Board of Secondary Education, Assam
- Abbreviation: SEBA
- Merged into: Assam State School Education Board
- Successor: Assam State School Education Board
- Formation: 29 January 1962
- Founder: S. C. Rajkhowa
- Dissolved: 13 September 2024; 19 months ago
- Type: State Education Regulatory Board
- Legal status: Available
- Headquarters: Guwahati, Assam, India
- Region served: Assam, India
- Official language: Bodo, Assamese, English, Hindi^{[citation needed]}
- Chairman: R.C. Jain, IAS
- Secretary: Naranarayan Nath, ACS
- Exam Controller: Nayan Jyoti Sarmah
- Parent organisation: Ministry of Education, Government of Assam
- Website: https://sebaonline.org/

= Assam Board of Secondary Education =

Government agency in India

The Board of Secondary Education, Assam commonly known as SEBA, was the state education regulatory board under the jurisdiction of Ministry of Education, Government of Assam for conducting examinations and providing assurance for the quality of education imparted in schools within Assam, India that are affiliated to it. It offers education in Bodo, English (IL), Assamese, Bengali, Hindi, Meitei (Manipuri), Hmar, Nepali, Mizo, Khasi, Garo, Karbi and Urdu languages.

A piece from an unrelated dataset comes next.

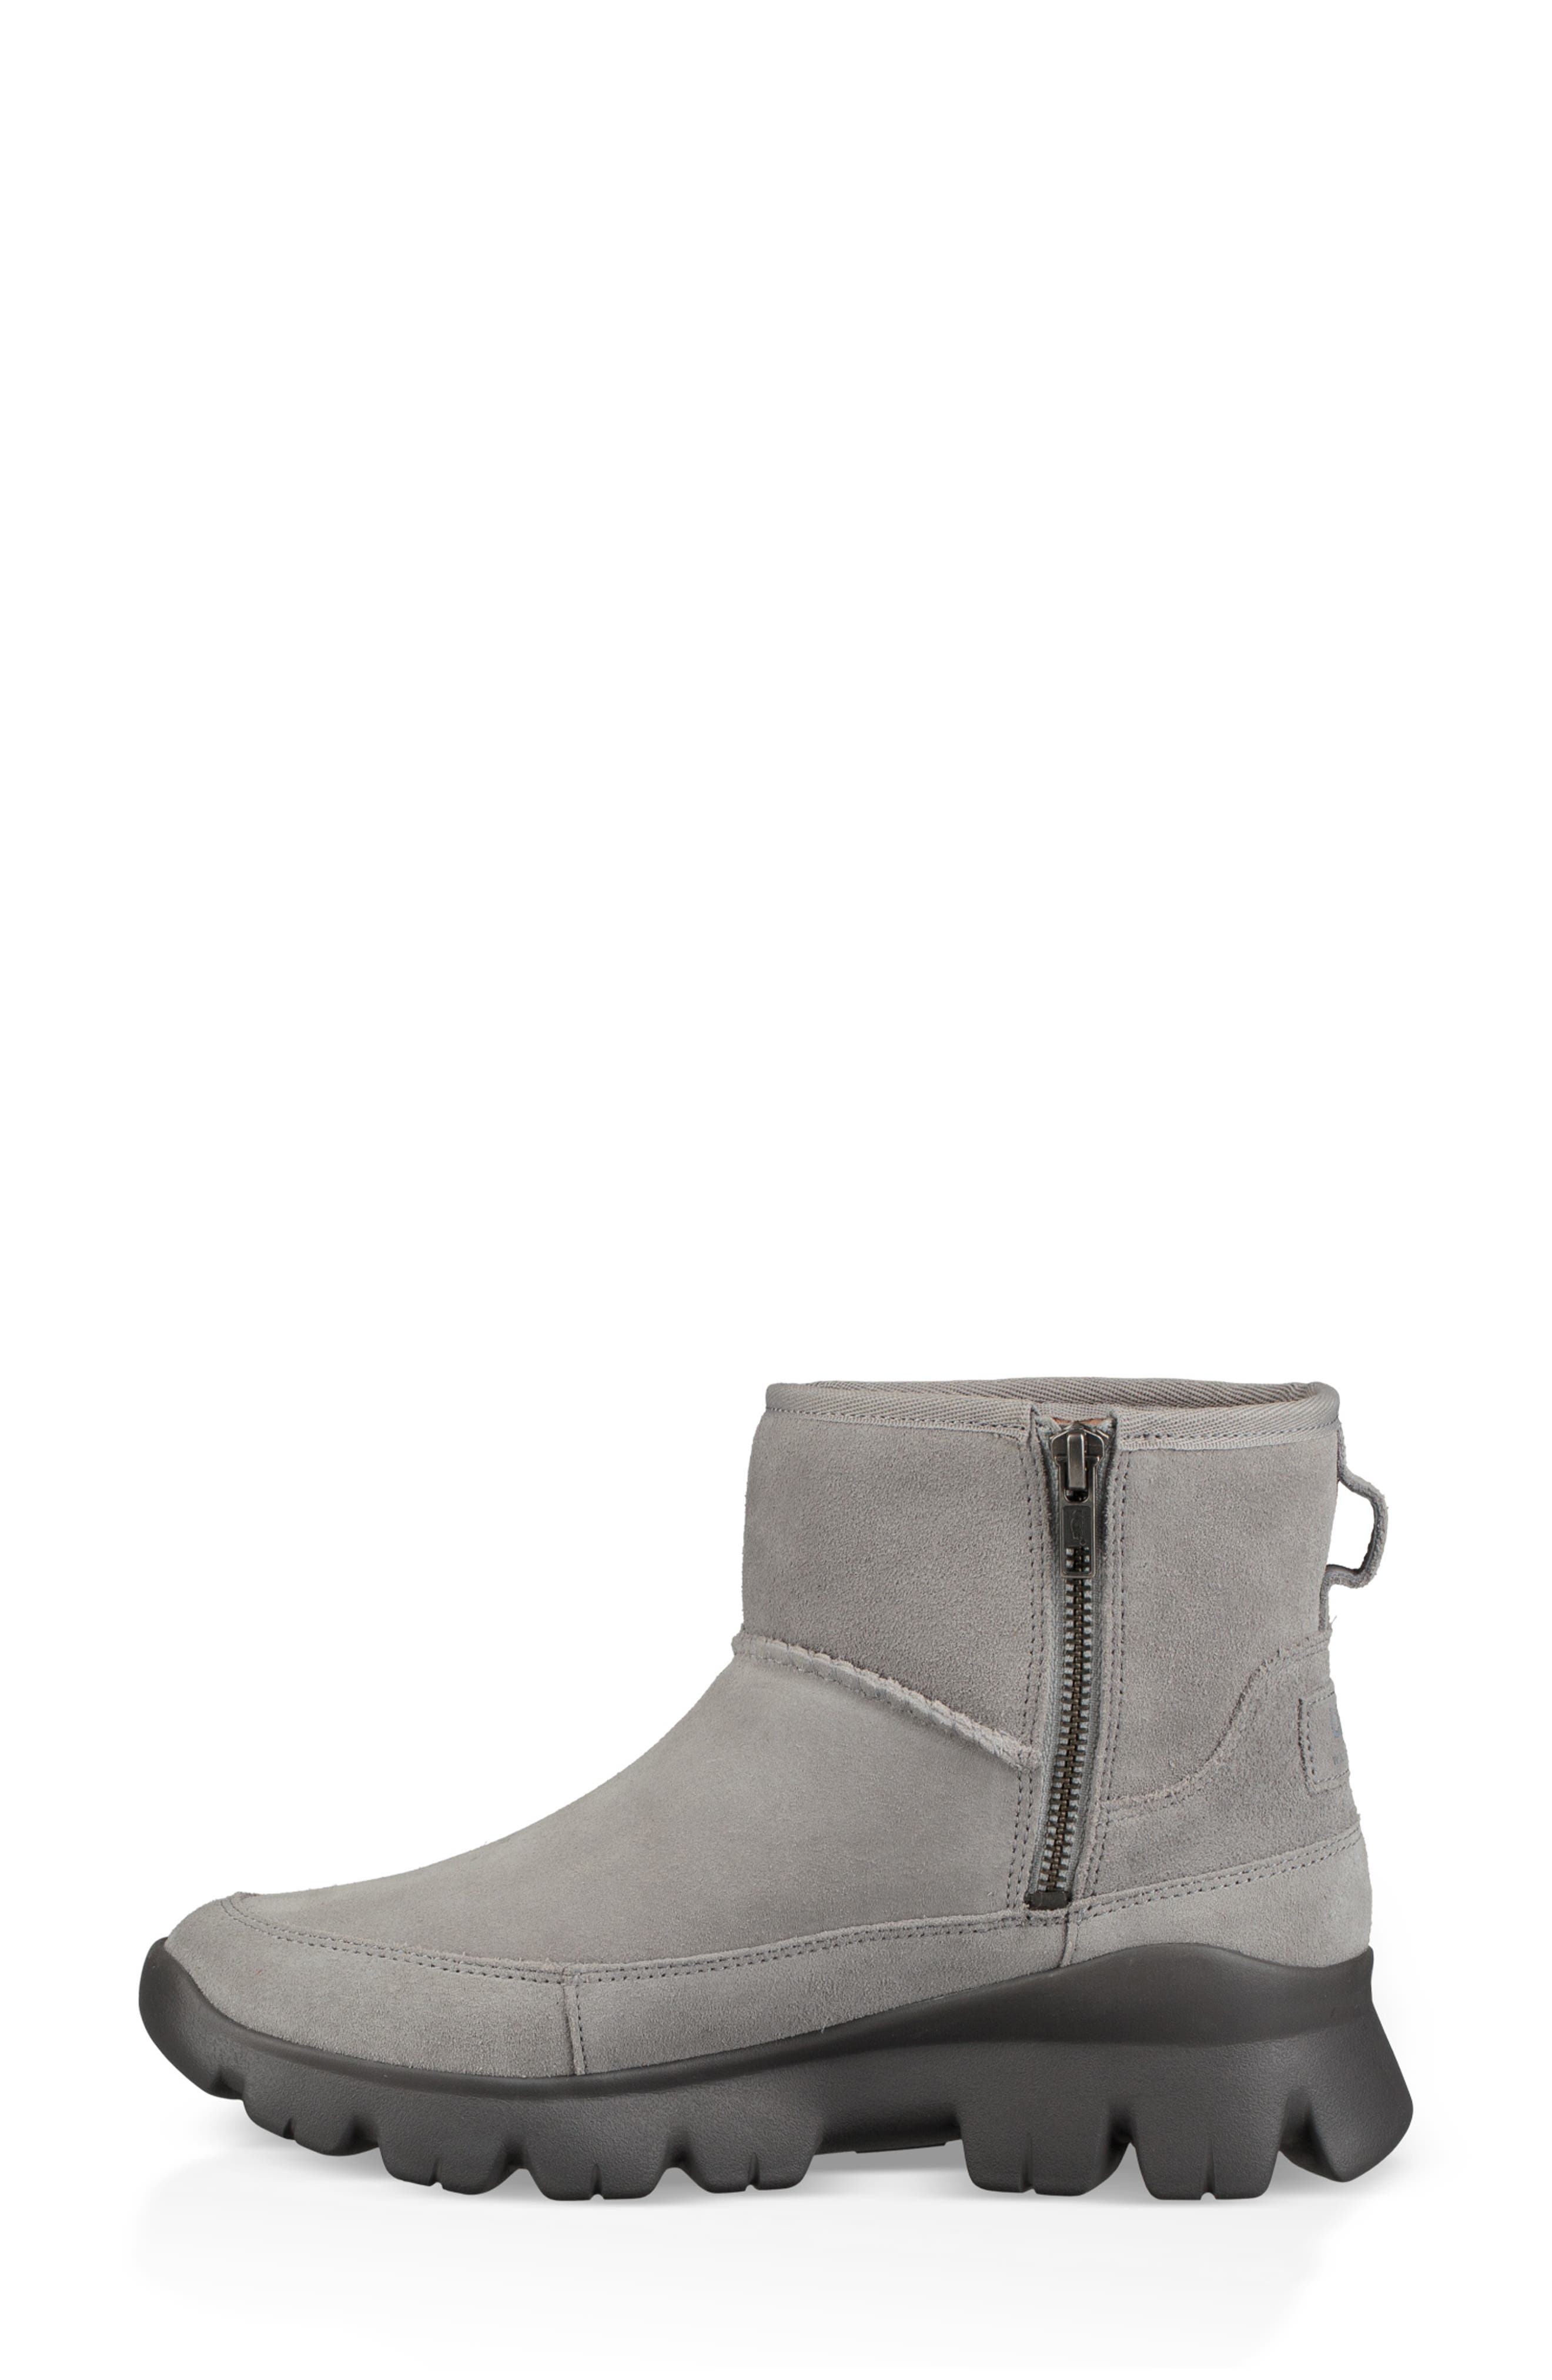 palomar waterproof snow boot

High School Leaving Certificate (HSLC) is the award given through the authority of this board to students who have passed the HSLC examination successfully.

==History==
The Assam Secondary Education Act, 1961 (Assam Act, XXV of 1961) was passed to provide for the establishment of a Board of Secondary Education to regulate, supervise and develop Secondary Education in the State of Assam. The Act came into force with effect from 29 January 1962 with the publication of Government of Assam, Education Department Notification no. 159/61/37 dated 29/1/1962. Thus the Board of Secondary Education, Assam (popularly known as SEBA) came into existence on 14 March 1962. It started functioning with the conduct of 11 year H.S.L.C. Examination of 1962. Under the provisions of the Act the Govt. of Assam constituted the Board with Sri S.C. Rajkhowa, D.P.I., Assam as chairman and Md. N. Islam, Inspector of Schools (Central Assam Circle) as Secretary.

===Accommodation===
The Board was first accommodated in the Conference Room of the office of D.P.I., Assam at Shillong. It was shifted to a rented house at Rehabari (Guwahati). The Board functioned here from 1/6/1962 to 26/2/1963. The Board office was then shifted to old University Campus of Gauhati University, Panbazar (the then New Hostel campus of Cotton College) where it functioned from 27/2/1963 to 15/01/1976. A part of the office functioned at Bhagawati Prasad Baruah Bhawan which housed the chairman, the Education Officers and the Evaluation Unit during 1965–66. The Board office was shifted to the Assam type building constructed on its own premises at Bamunimaidan, Guwahati-21 on 16 January 1976. On this occasion the opening ceremony was held with Sri H.N. Talukdar p(Hon'ble Education Minister of Assam) in the chair and Sri Sarat Chandra Sinha, Hon'ble Chief Minister of Assam as chief-guest. The present site comprising 6 bighas of land was allotted by the Government of Assam to the Board in 1965. The then Education Minister, Sri D.K. Barooah allotted these 6 bighas to the Board on 99 years' lease. The lease was executed by the Board by paying Rs.1 (one) lakh as advance rent for the entire period. The present multi-storeyed building (plinth area 1575 sq. metres) constructed by the side of the Assam type building was completed in 1989. ...

==Jurisdiction of the Board==
The jurisdiction of SEBA was the territory of the erstwhile State of Assam comprising the many North East states of the country. With the creation of the Provinces/States Meghalaya, Nagaland, Mizoram, and Arunachal Pradesh out of Assam at different times and with the establishment of their separate/own Boards of School Education, the jurisdiction of SEBA got reduced. Presently the territory of the State of Assam is the jurisdiction of the Board.